Let $V$ be a finite dimensional vector space, and $\psi : V \rightarrow V^{**}$ be a map defined by
$$ \psi(v)(f) = f(v)$$ for all $v \in V$ and $f \in V^{**}$.
We can easily show that $\psi$ is a linear map. And in fact, it is an isomorphism.

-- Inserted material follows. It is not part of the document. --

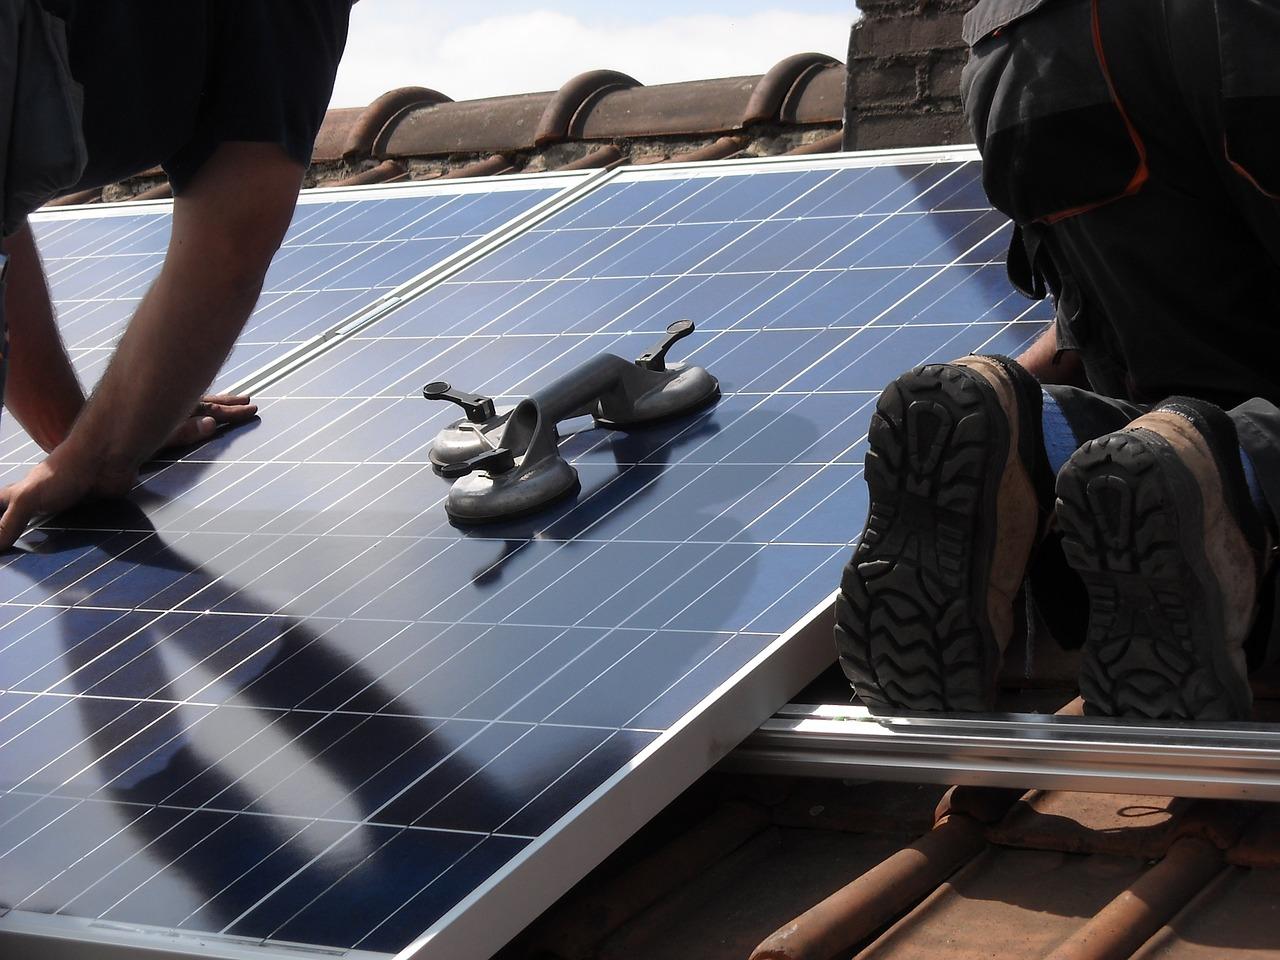 Chauffe-eau solaire, une solution d'avenir ?
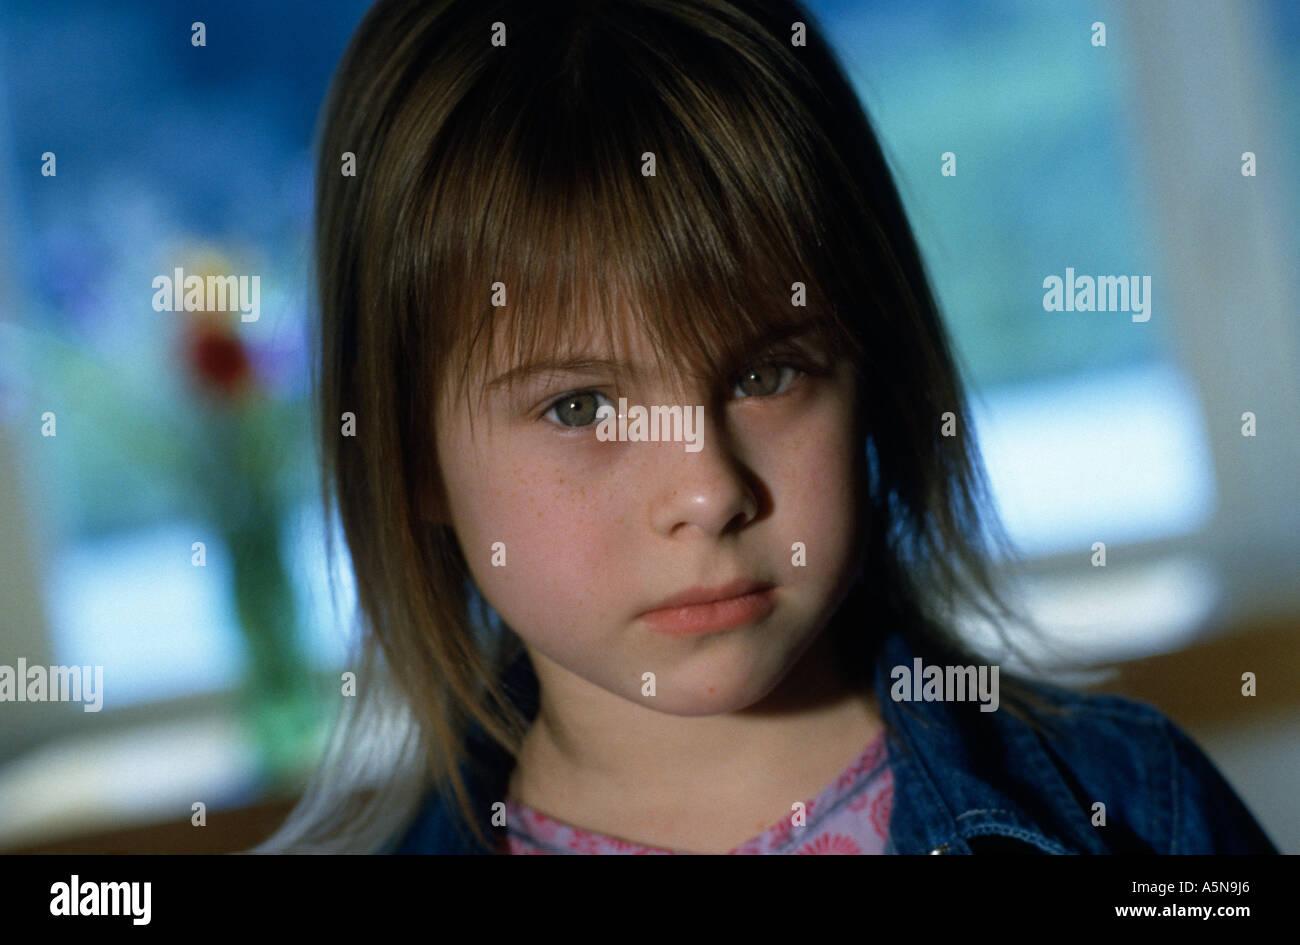 Un bambino di 6 anni ragazza caucasica con capelli castani e gli occhi blu  che indossa un abito rosa e una camicia di jean pone 2002 13dcc3bc00a8

Indeed, if we choose a basis $\mathcal{B} = \{v_1, \ldots, v_n\}$ of $V$, then $\mathcal{B}^* = \{v_1^*, \ldots, v_n^*\}$ is a basis of $V^*$, and $\mathcal{B}^{**} = \{v_1^{**}, \ldots, v_n^{**}\}$ is a basis of $V^{**}$. We see that $\psi(v_i)(v_j^*) = v_j^*(v_i)=\delta_{ij}$. Hence $\psi(v_i) = v_i^{**}$. Because $\psi$ sends a basis of $V$ to a basis of $V^{**}$, we conclude that $\psi$ is an isomorphism.
First, I tried to find a linear map $\phi : V^{**} \to V$ such that $\phi \circ \psi$ and $\psi \circ \phi$ are identity maps of $V$ and $V^{**}$, respectively. However, I can not find it. Can we construct this $\phi$?